Fabulous post and thanks so much for all the mentions! I’m glad I could help. I love the pattern on the top of the loaves, just beautiful. Very excited that you are making these breads. I know exactly what you mean by that feeling of trying to wash it off your hands too, it takes ages, it feels like a hand cream that has emulsifed almost :)

Elizabeth David had a bit to say on bread tins – big quote here http://www.foodtimeline.org/foodbreads.html about half way down – until the 18th C no mention is made of baking in tins and then it is an English and Dutch thing mostly. I wonder if it had anything to do with the Earl of Sandwich 1718 – 1792 ? Probably not, more to do with the installation of domestic coal ranges with ovens in people’s homes as she writes in the quote referenced above. Well worth picking up a copy of ED’s book as it is a great read!

Azélia April 10, 2011 at 6:27 pm

Isn’t that interesting, but then I love all food history!

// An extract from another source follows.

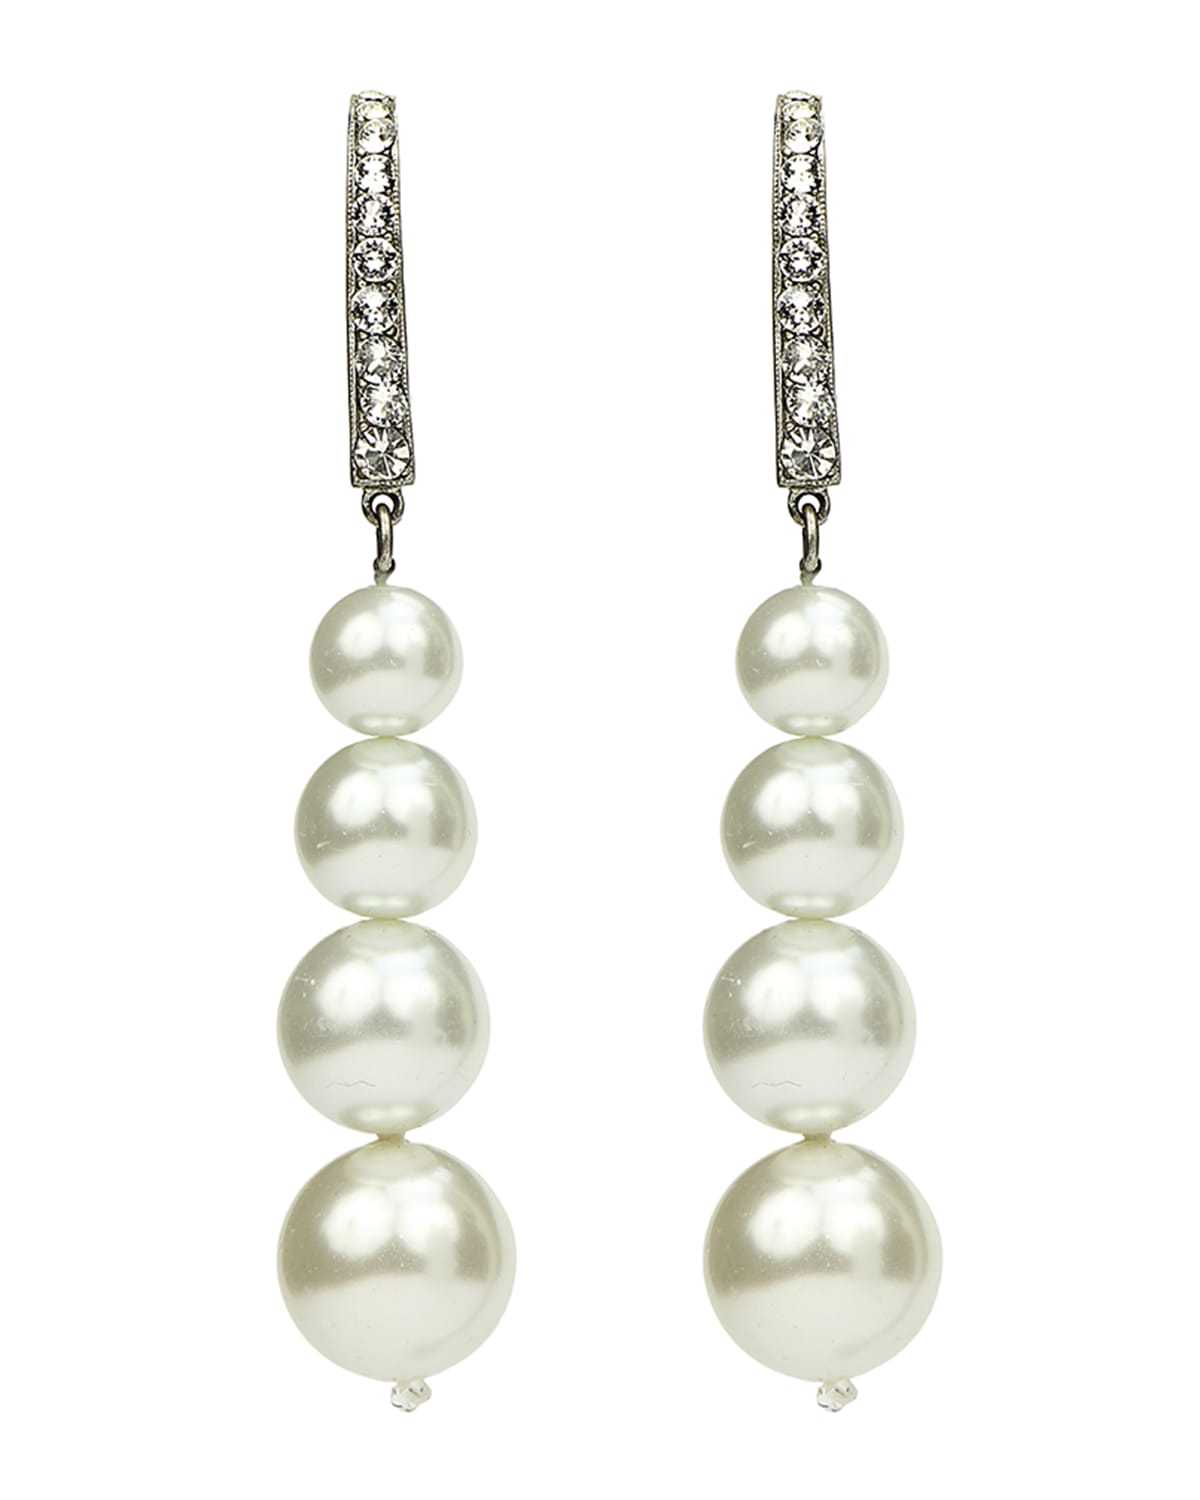 10mm Pearly Bead & Crystal Stud Earrings

It was a blessing reading your formula because had I not read the bit about how it should look like a cake batter I would have thought I did something wrong…so glad I had your notes on it. Was very pleased with the texture, not brick-dense-like at all. Next one will be a yeast and then will try a sourdough version again and split the loaves up so one is baked after a shorter rest period just to see what difference I get if any.

I should do a post really on “The reason I can bake good bread is because I bother other bakers for advice..” :)

Choclette April 12, 2011 at 6:56 am

Your loaves look very nice to me. Rye sourdough is all I make as it is so quick and easy. It makes excellent sandwiches and really good toast. I don’t knead it at all, just mix it with a spoon and bake it in a tin

Azélia April 12, 2011 at 10:39 am

Hi Choclette – I will be making these again in this shape but also in tins.

Renée April 14, 2011 at 10:38 pm

I love rye bread and have made it occasionally with a mix of rye and white flour. I suddenly remembered the lovely Borodinsky bread that I buy from Booths in the north west and is made by the Village Bakery in Cumbria. I have just done a search for this bread and found a mention of it on your blog, Joanna, which dates back to 2007!

http://joannasfood.blogspot.com/2007/04/borodinsky-bread.html

I’m glad that you enjoy yours so much, Azélia and I do love the top of the loaf!
I will attempt to make this soon, but might use Choclette’s no knead method!

Azélia April 14, 2011 at 11:06 pm

Well the good think about 100% rye flour is you don’t knead just mix it all together and leave it.